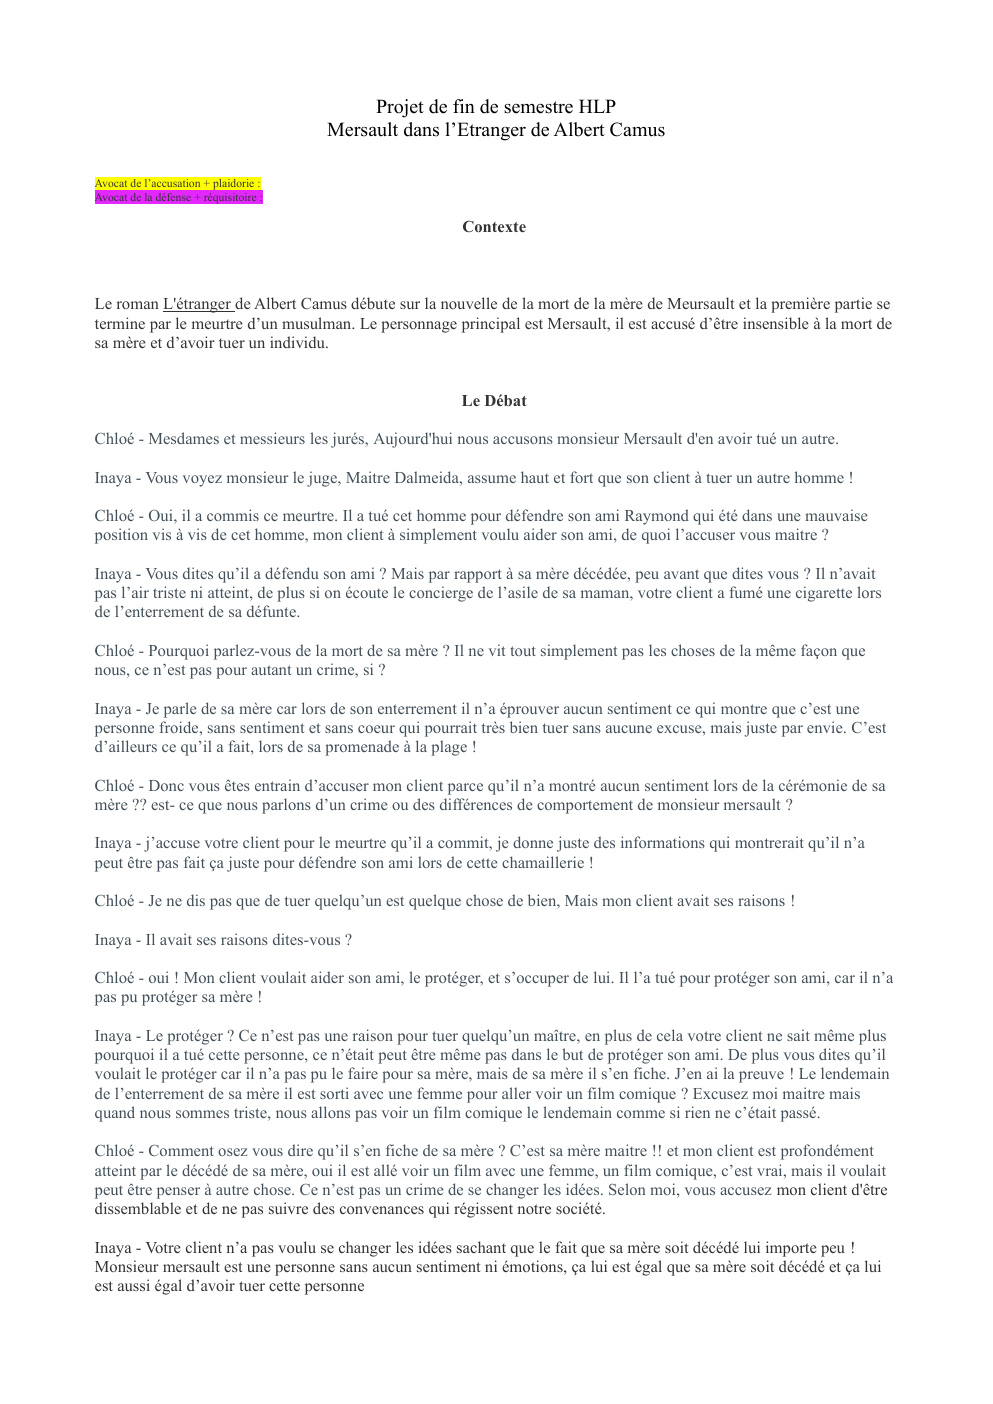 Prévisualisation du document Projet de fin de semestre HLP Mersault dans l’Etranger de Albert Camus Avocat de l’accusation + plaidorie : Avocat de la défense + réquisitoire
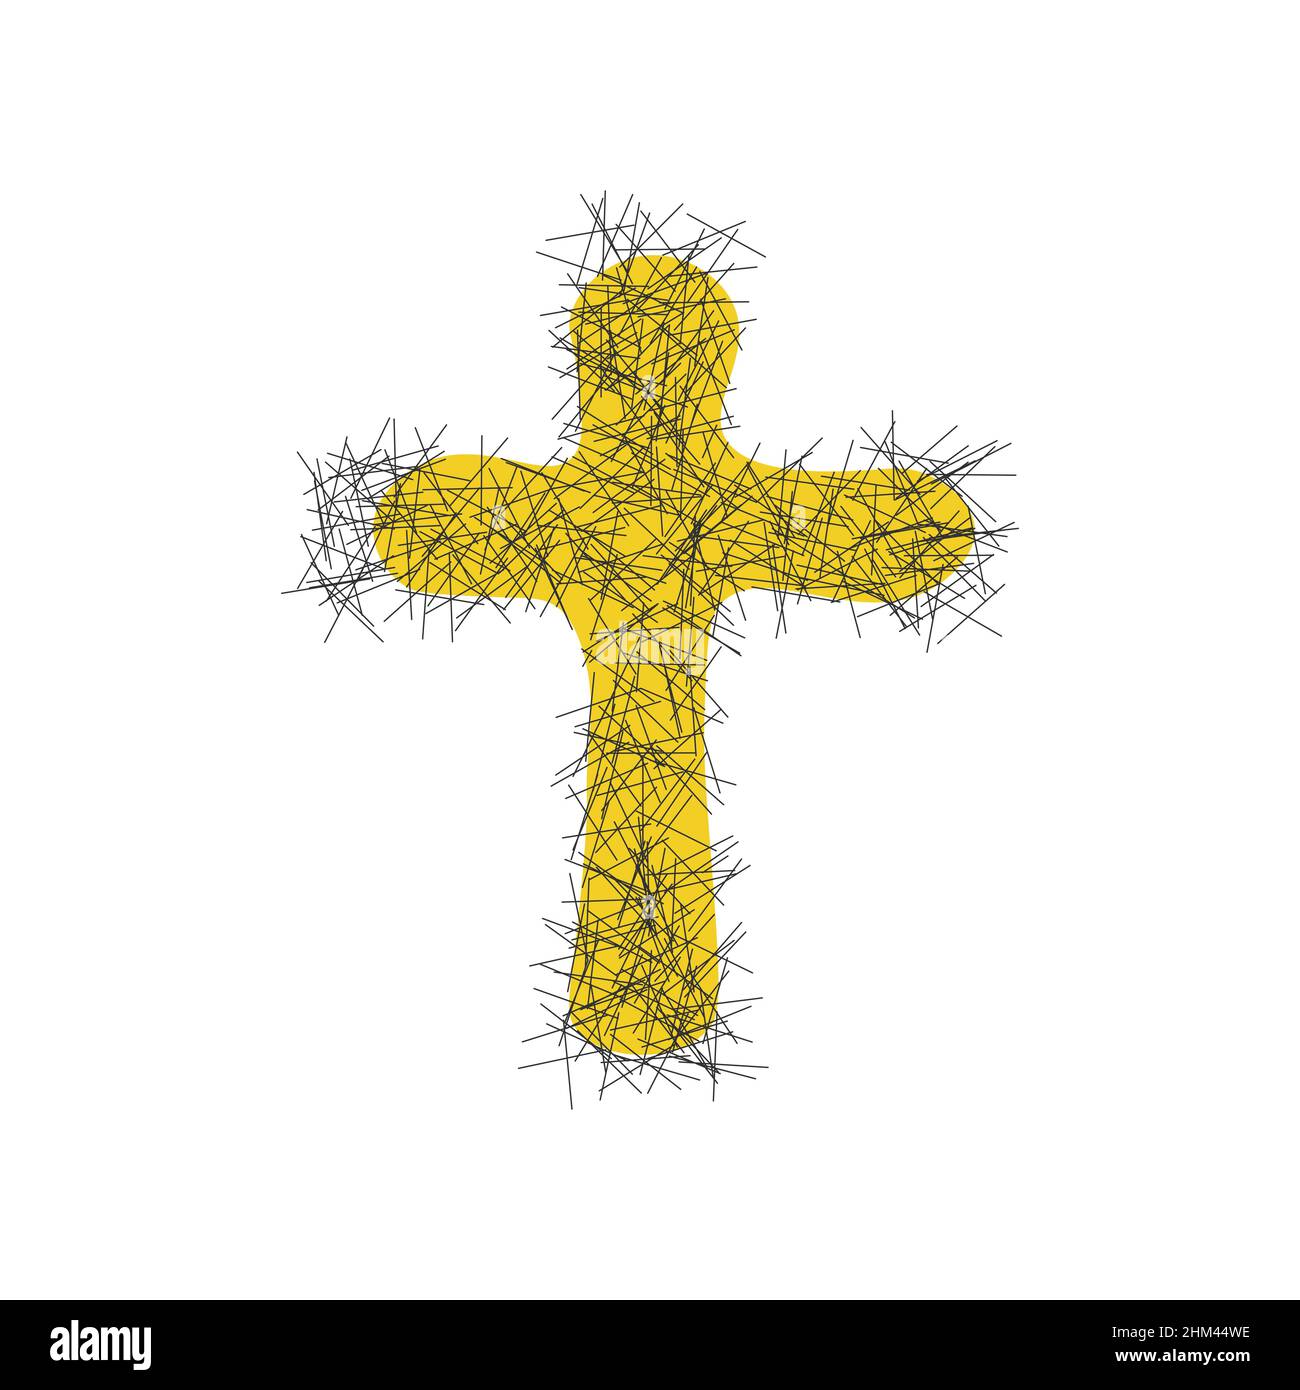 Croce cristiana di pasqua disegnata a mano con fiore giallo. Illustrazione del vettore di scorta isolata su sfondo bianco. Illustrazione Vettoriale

--

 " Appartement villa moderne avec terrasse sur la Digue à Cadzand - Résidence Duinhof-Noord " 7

» **What to do**
A clean copy is needed of the lines above from the one with "Prévisualisation du document" up to and including the one with "Croce cristiana di". Please set it down exactly, with no pictures.

» **Exercise response**
 Prévisualisation du document Projet de fin de semestre HLP Mersault dans l’Etranger de Albert Camus Avocat de l’accusation + plaidorie : Avocat de la défense + réquisitoire
 Croce cristiana di pasqua disegnata a mano con fiore giallo. Illustrazione del vettore di scorta isolata su sfondo bianco. Illustrazione Vettoriale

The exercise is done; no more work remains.